**PROBLEM STATEMENT:**
Everything from the line containing "Woman Wearing Striped Shirt" to the end of the listing, both included, should be returned exactly, apart from the pictures.

##### DATASET SECTION

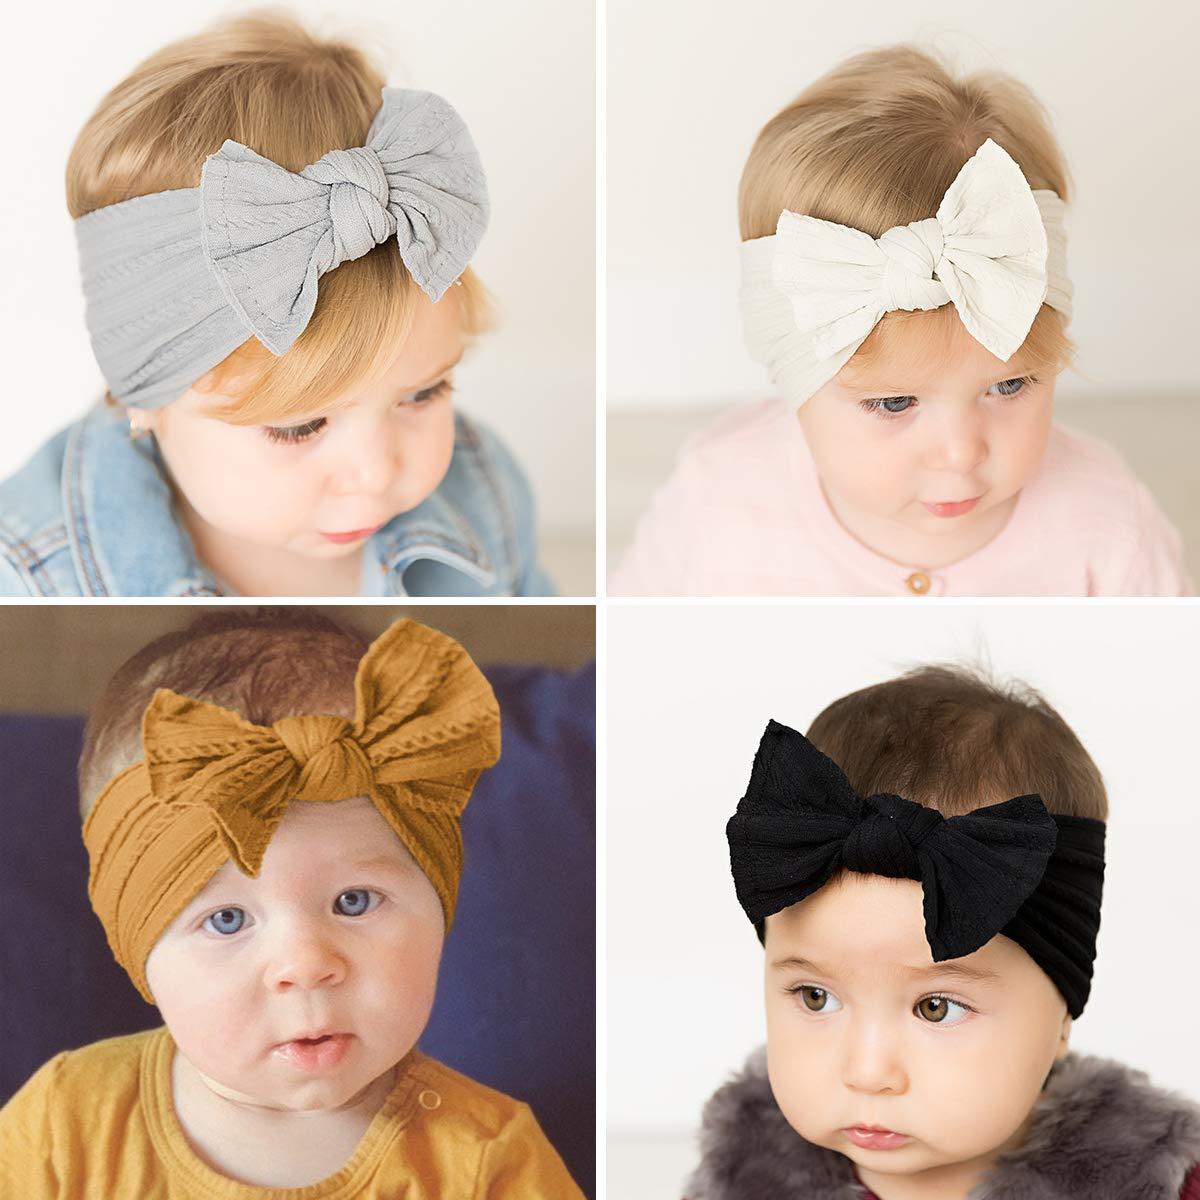 Makone Handmade Baby Headbands with Big Hair Bows Stretchy Headbands for Infant Baby Girls
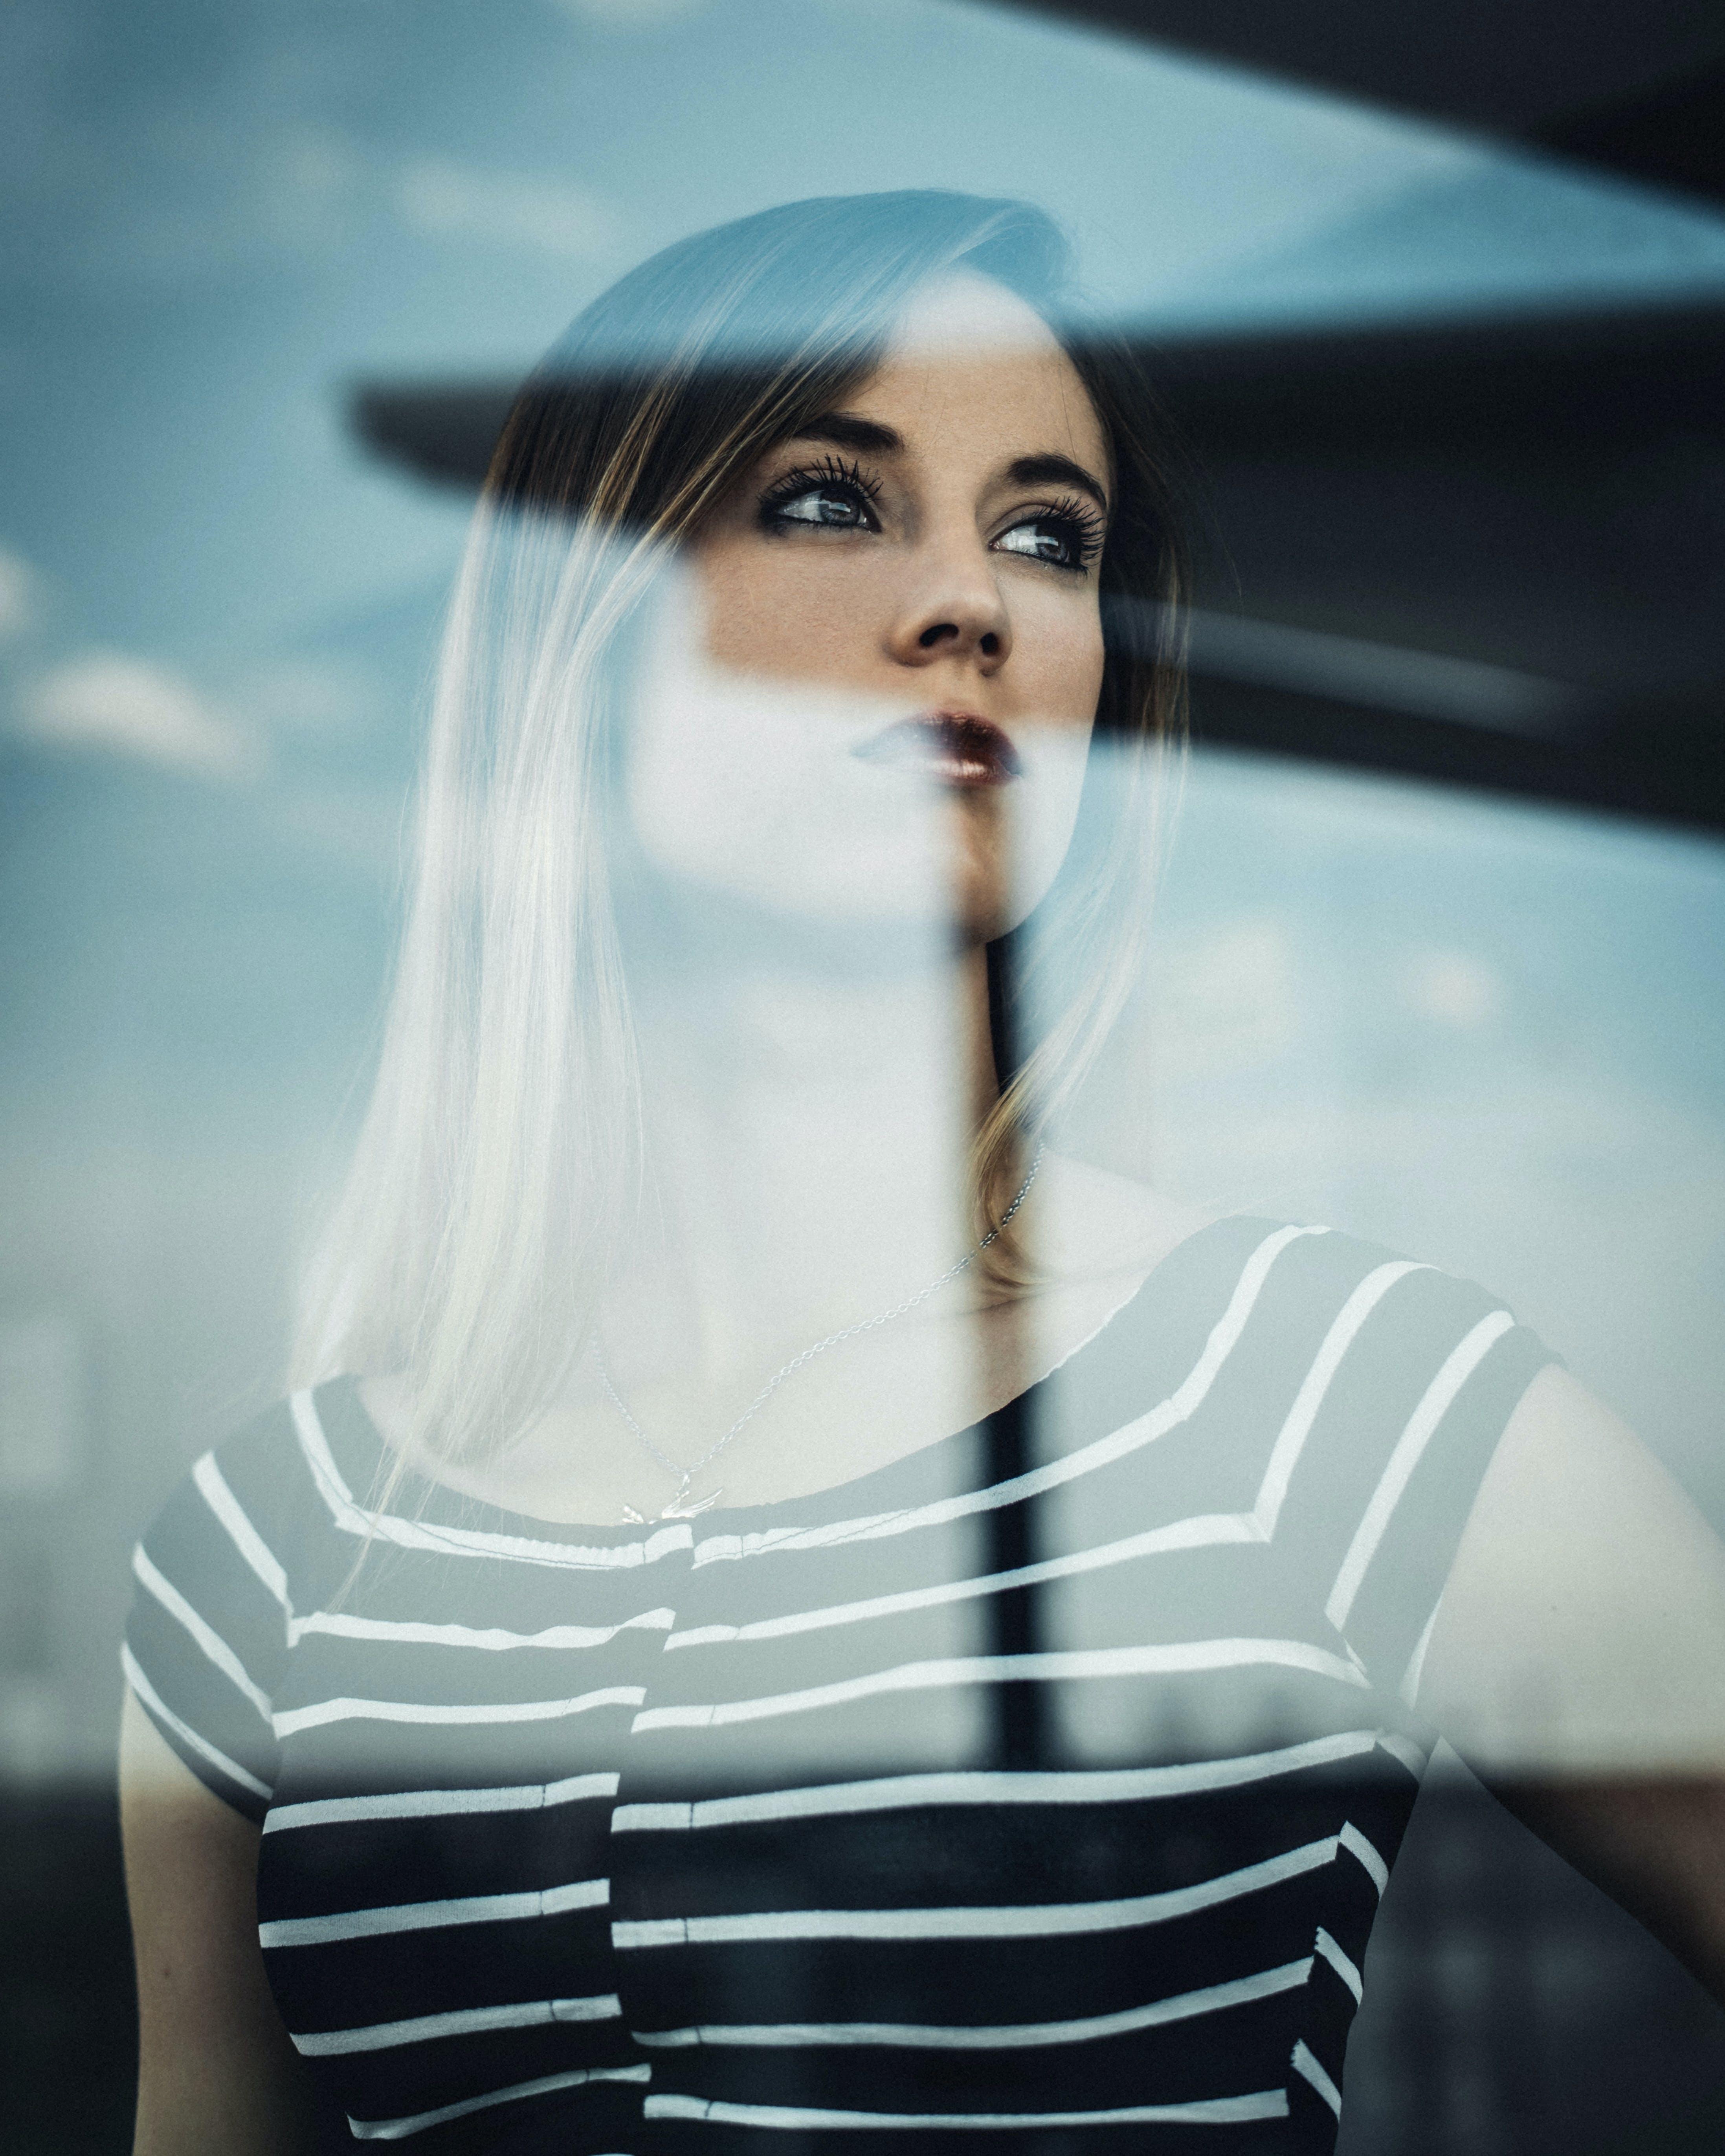 Woman Wearing Striped Shirt
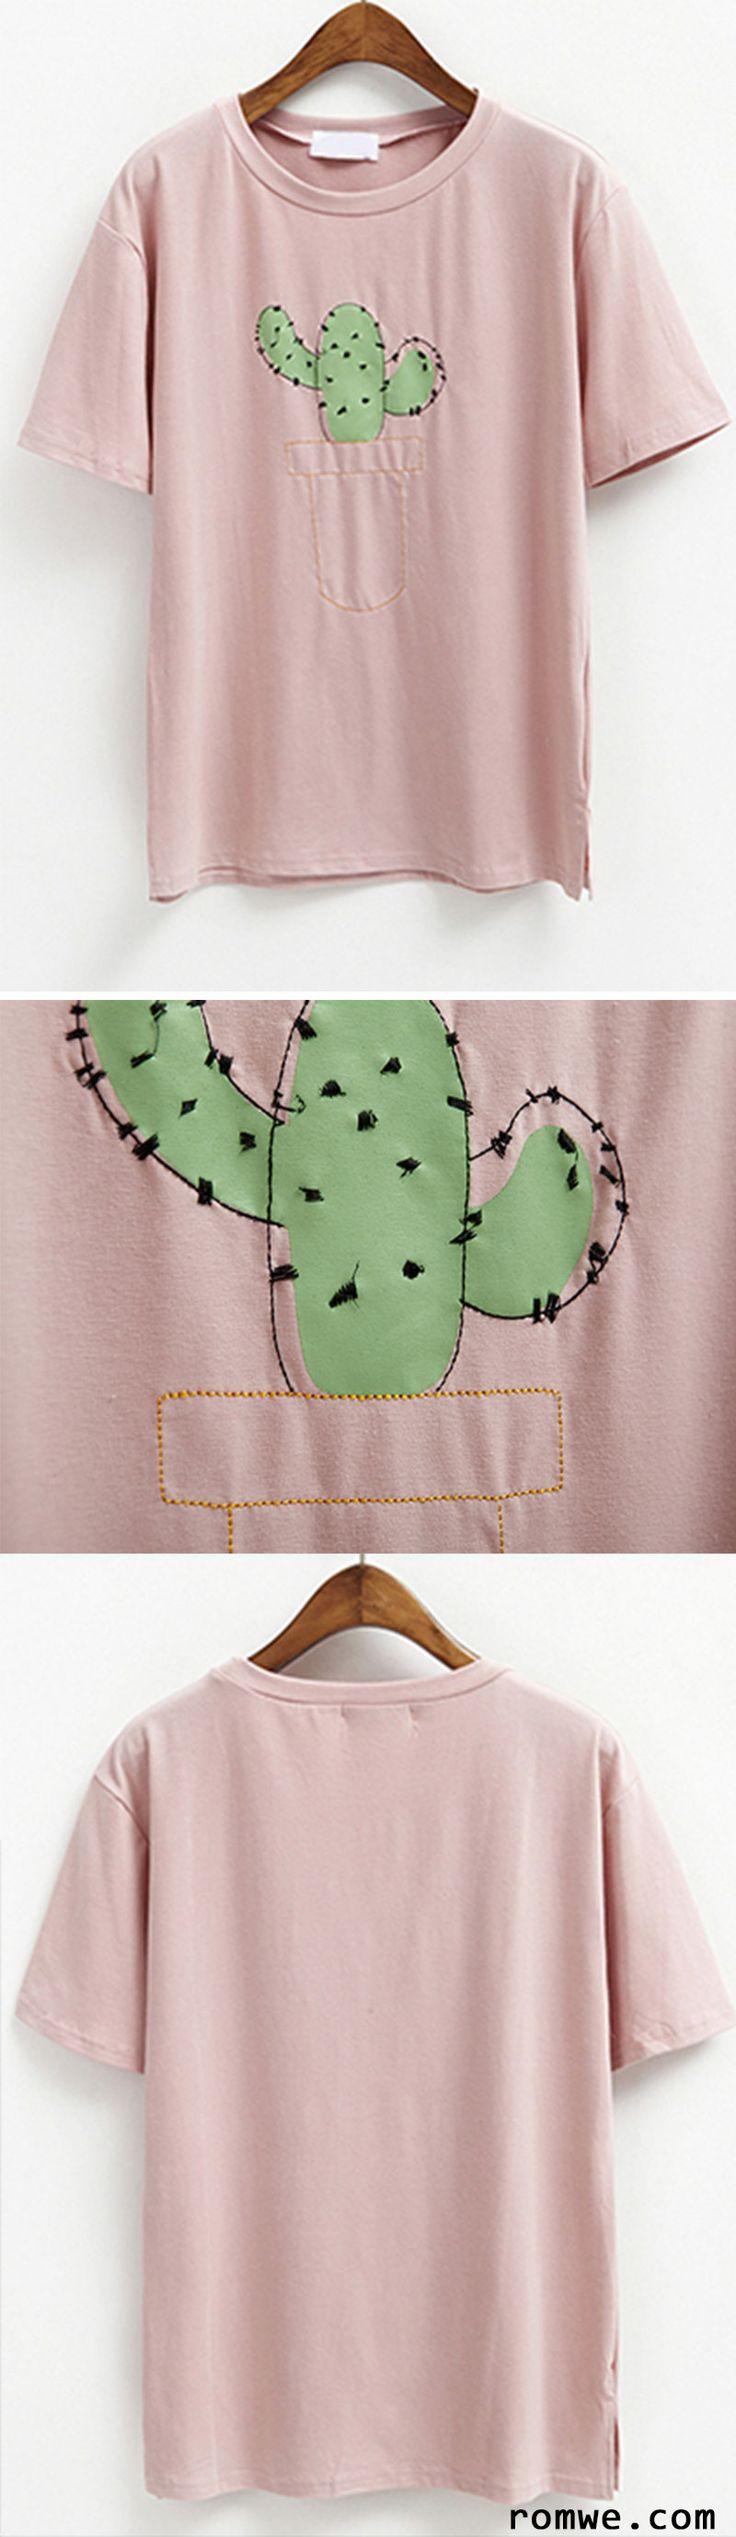 Fashion Style 2016- Cactus Print Short Sleeve T-shirt from romwe.com

##########

**PROBLEM SOLUTION:**
 Woman Wearing Striped Shirt
 Fashion Style 2016- Cactus Print Short Sleeve T-shirt from romwe.com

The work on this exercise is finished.